■ INFORMATION SHOWN:
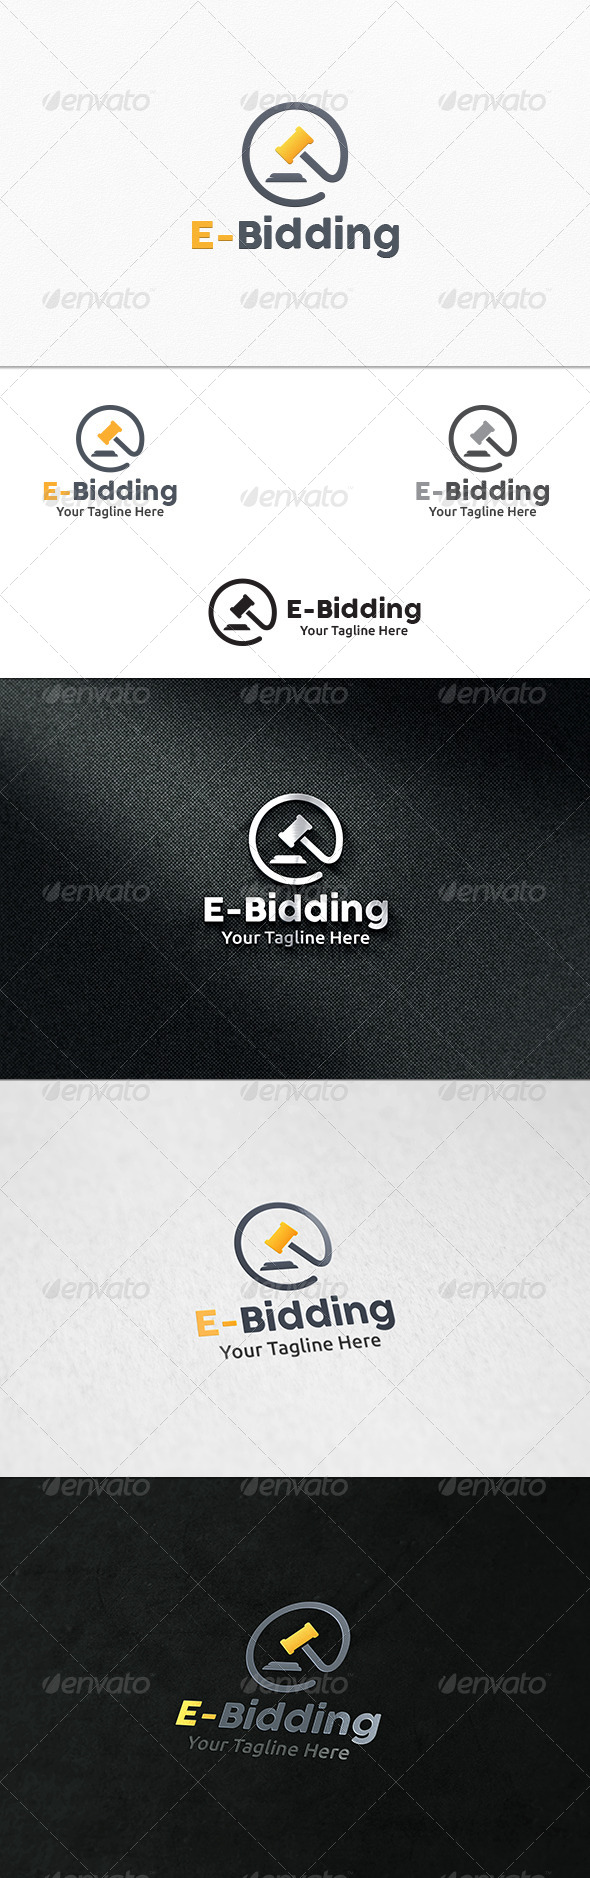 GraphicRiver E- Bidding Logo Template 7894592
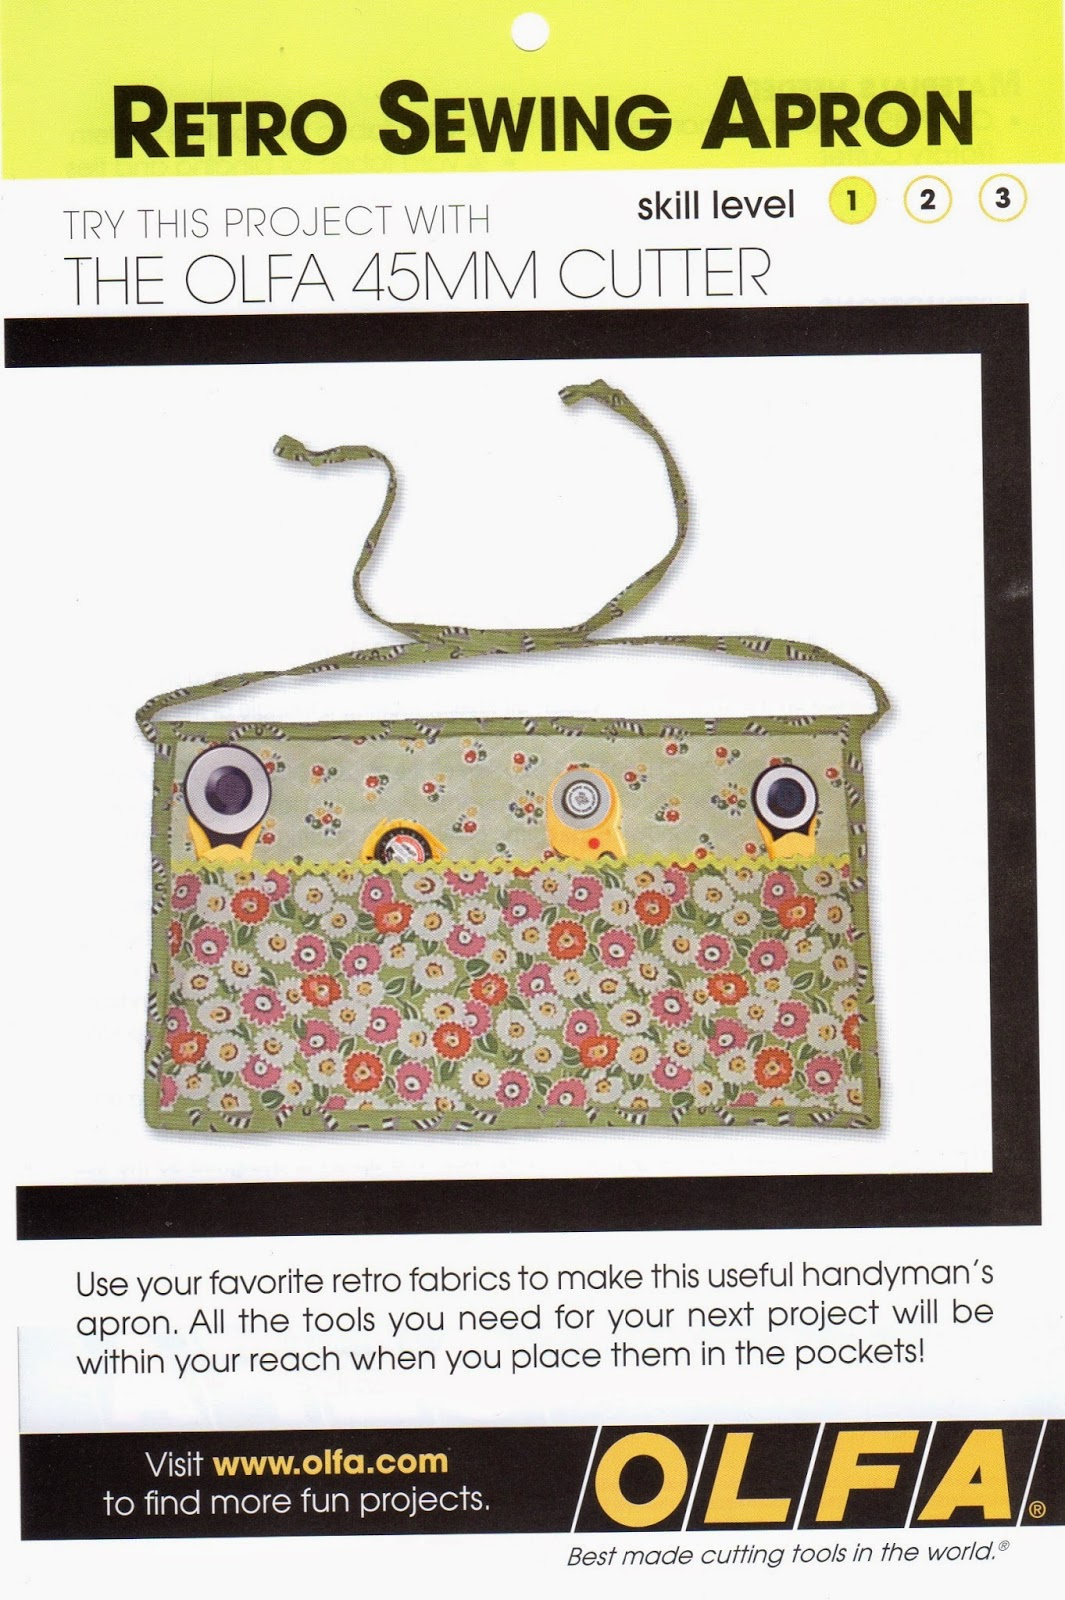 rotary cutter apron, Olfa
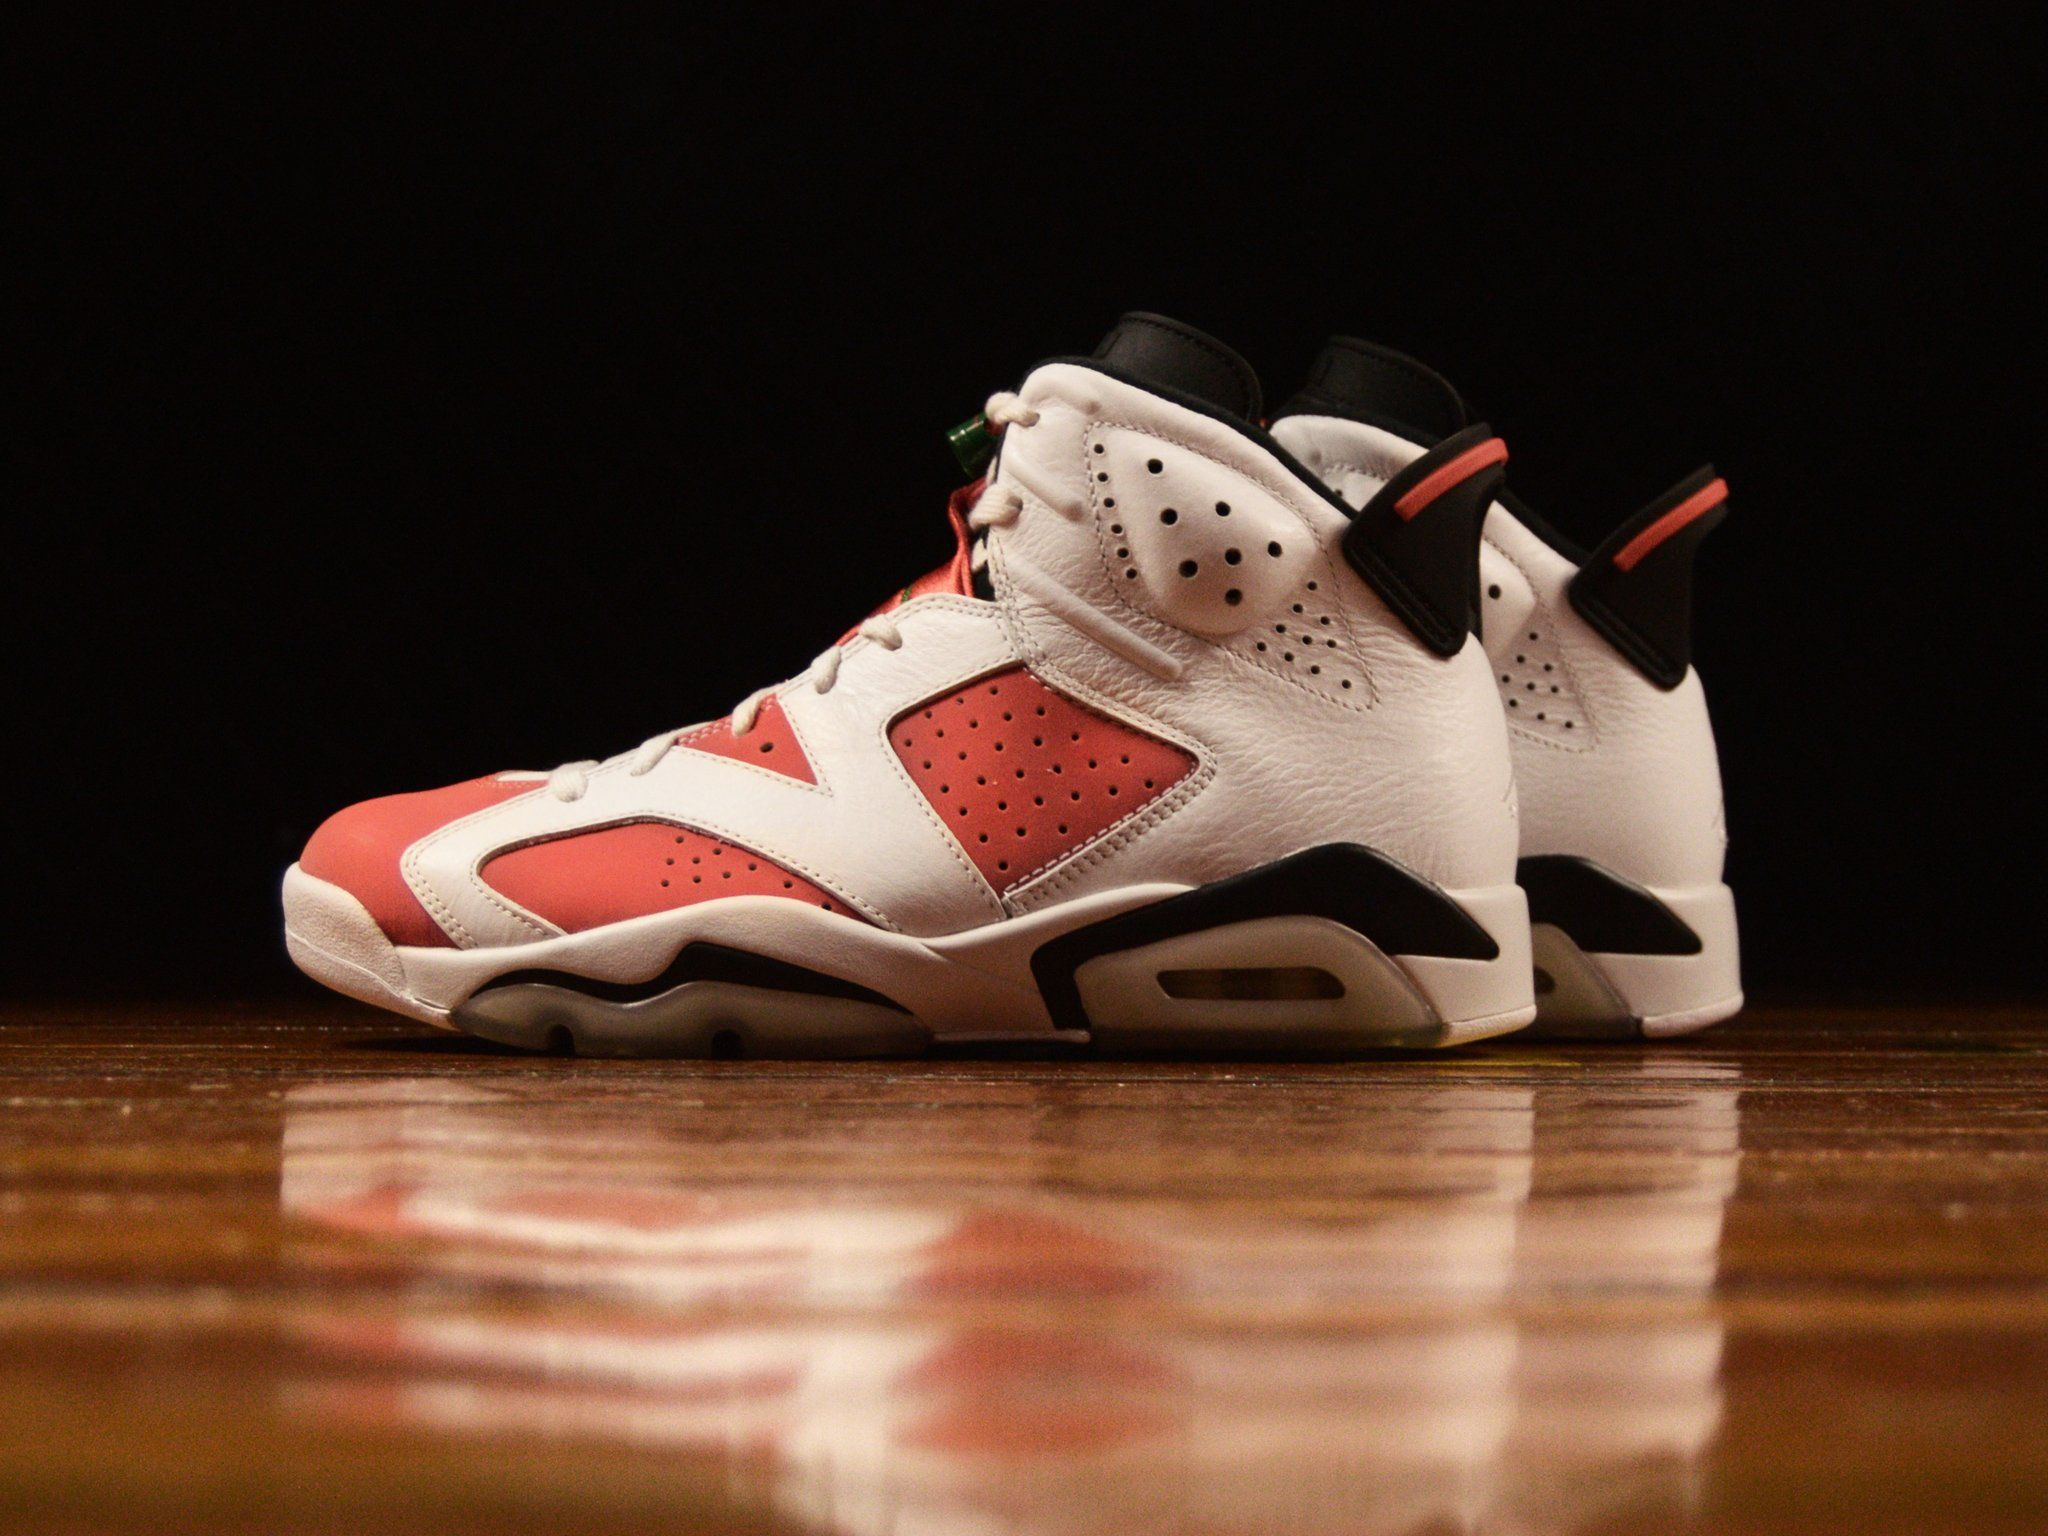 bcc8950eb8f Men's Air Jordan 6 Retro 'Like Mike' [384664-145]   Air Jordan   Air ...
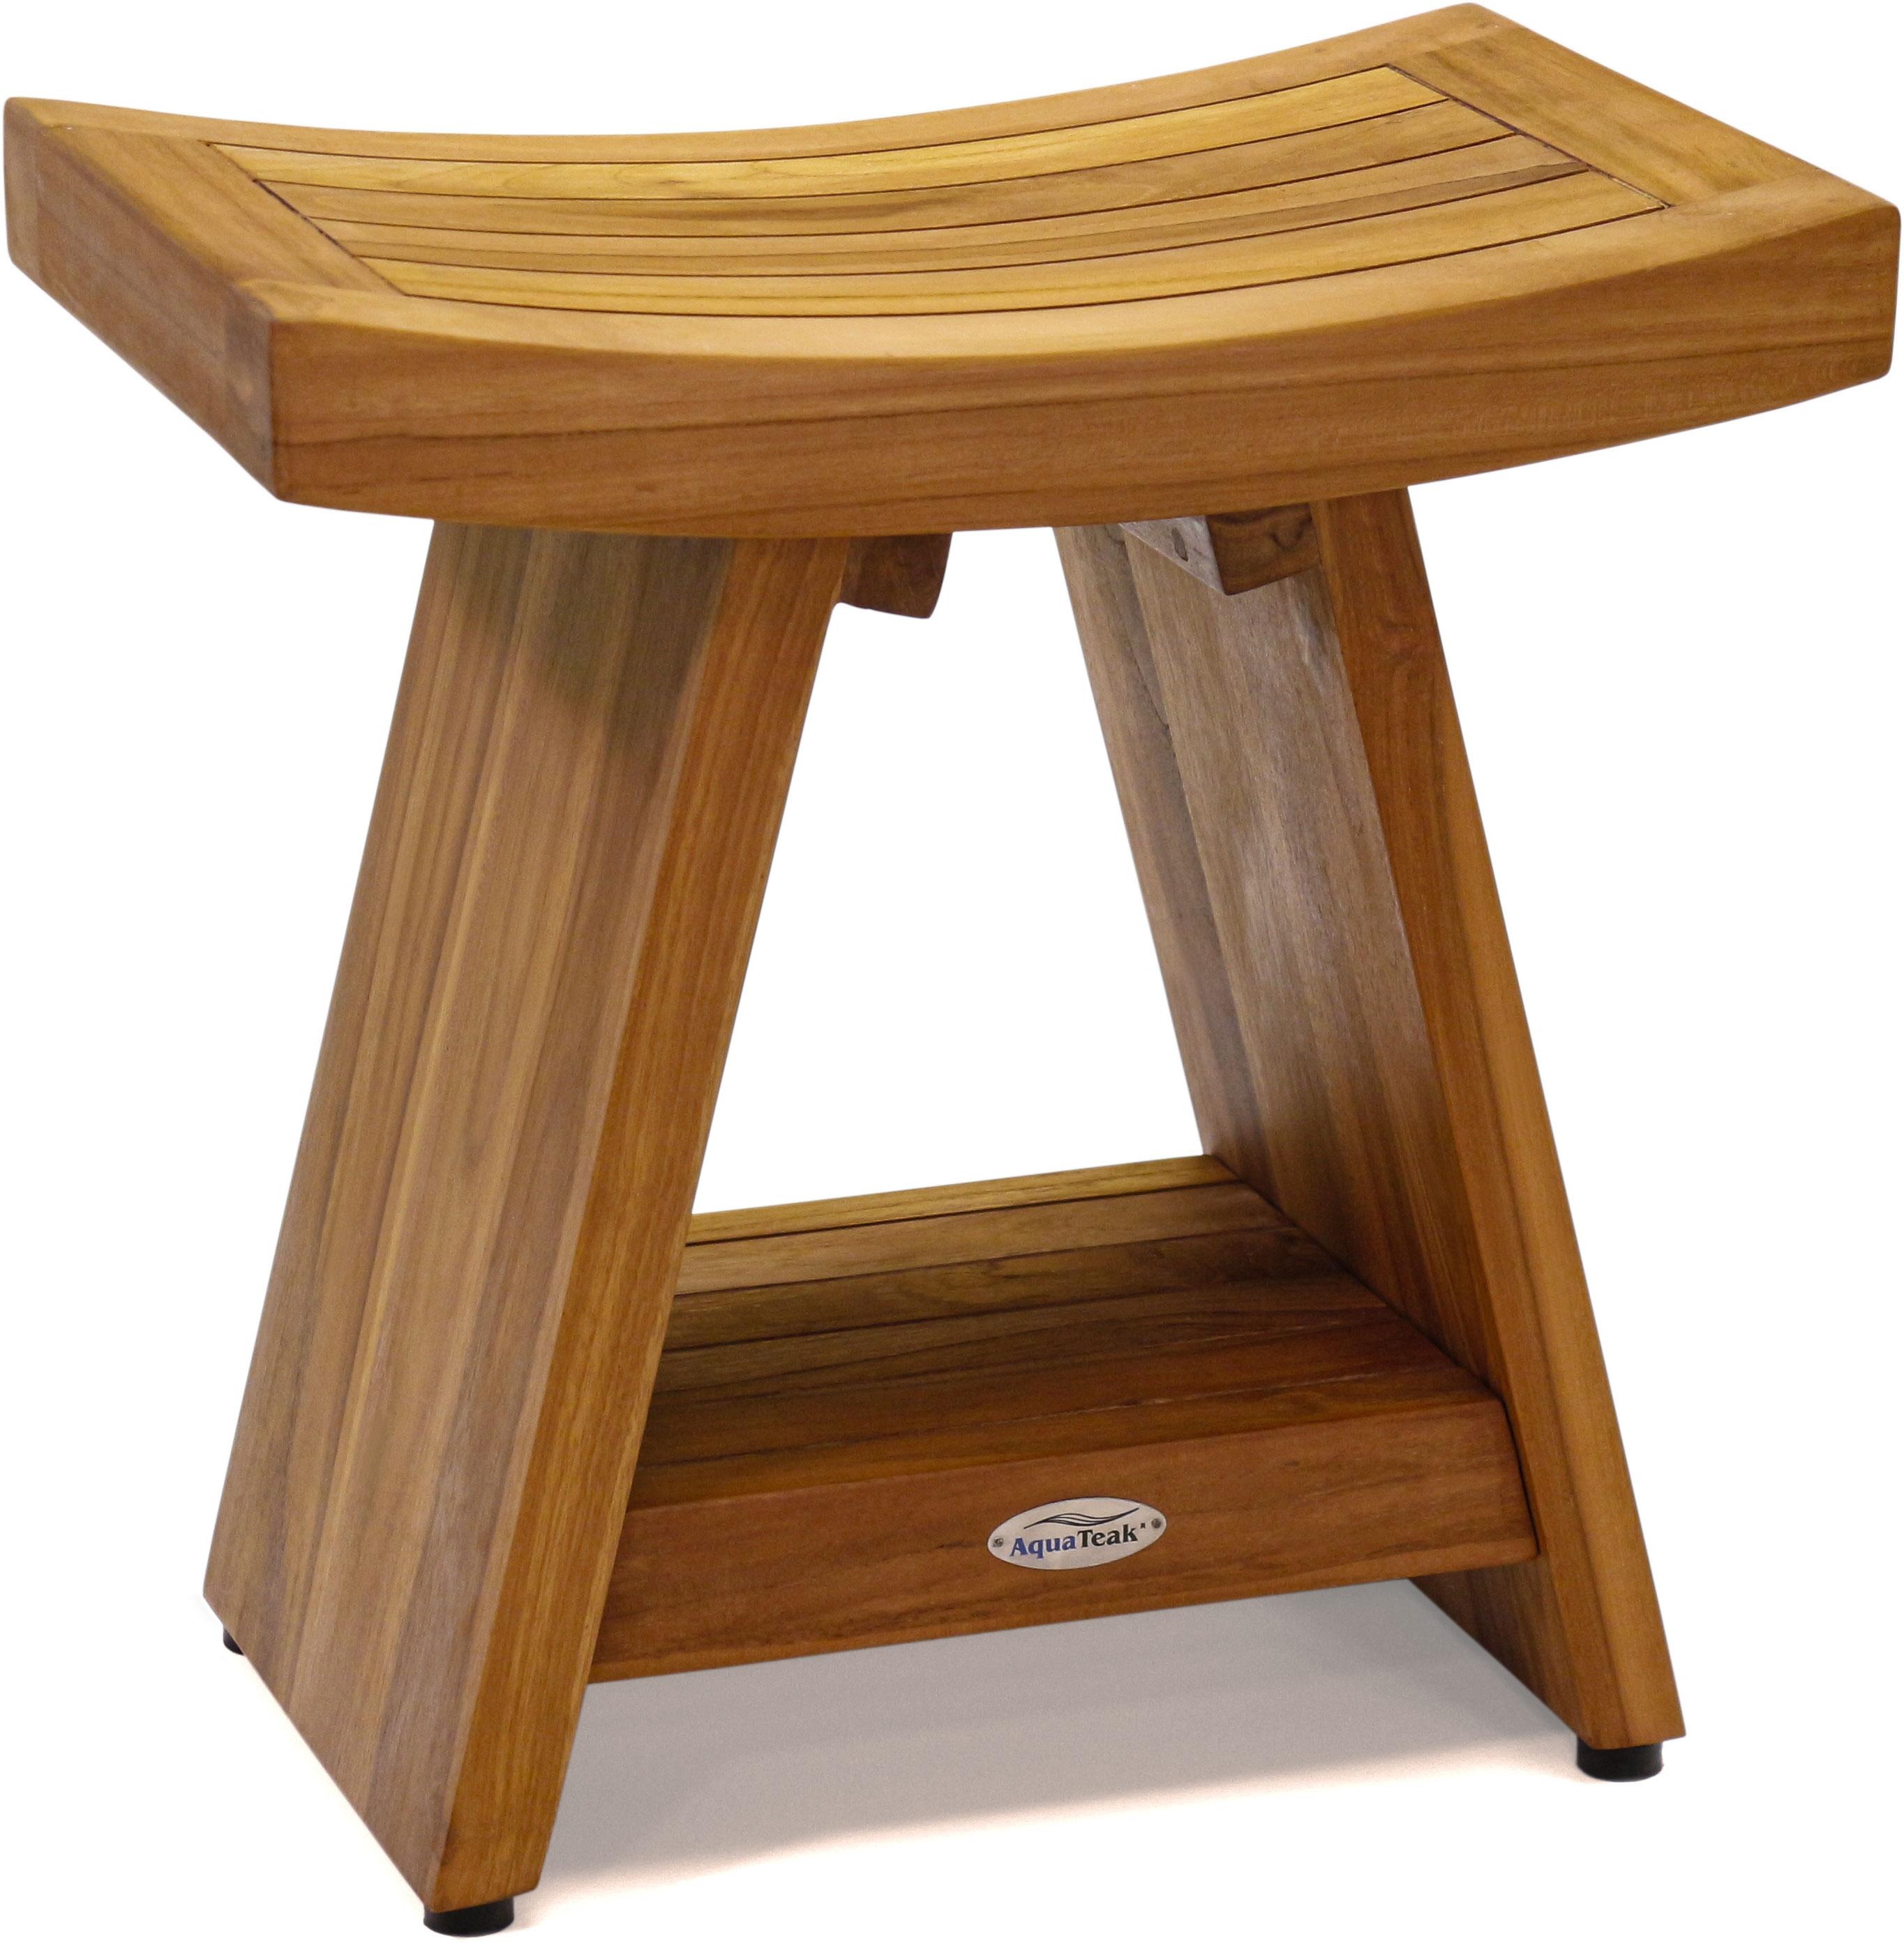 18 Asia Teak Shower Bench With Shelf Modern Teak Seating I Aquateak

■ WHAT TO WORK ON: Nothing but the lines from the line containing "bcc8950eb8f Men's Air" through the end of the data, both ends included, is to be reproduced, exactly as written and without the pictures.

■ YOUR SOLUTION:
 bcc8950eb8f Men's Air Jordan 6 Retro 'Like Mike' [384664-145]   Air Jordan   Air ...
 18 Asia Teak Shower Bench With Shelf Modern Teak Seating I Aquateak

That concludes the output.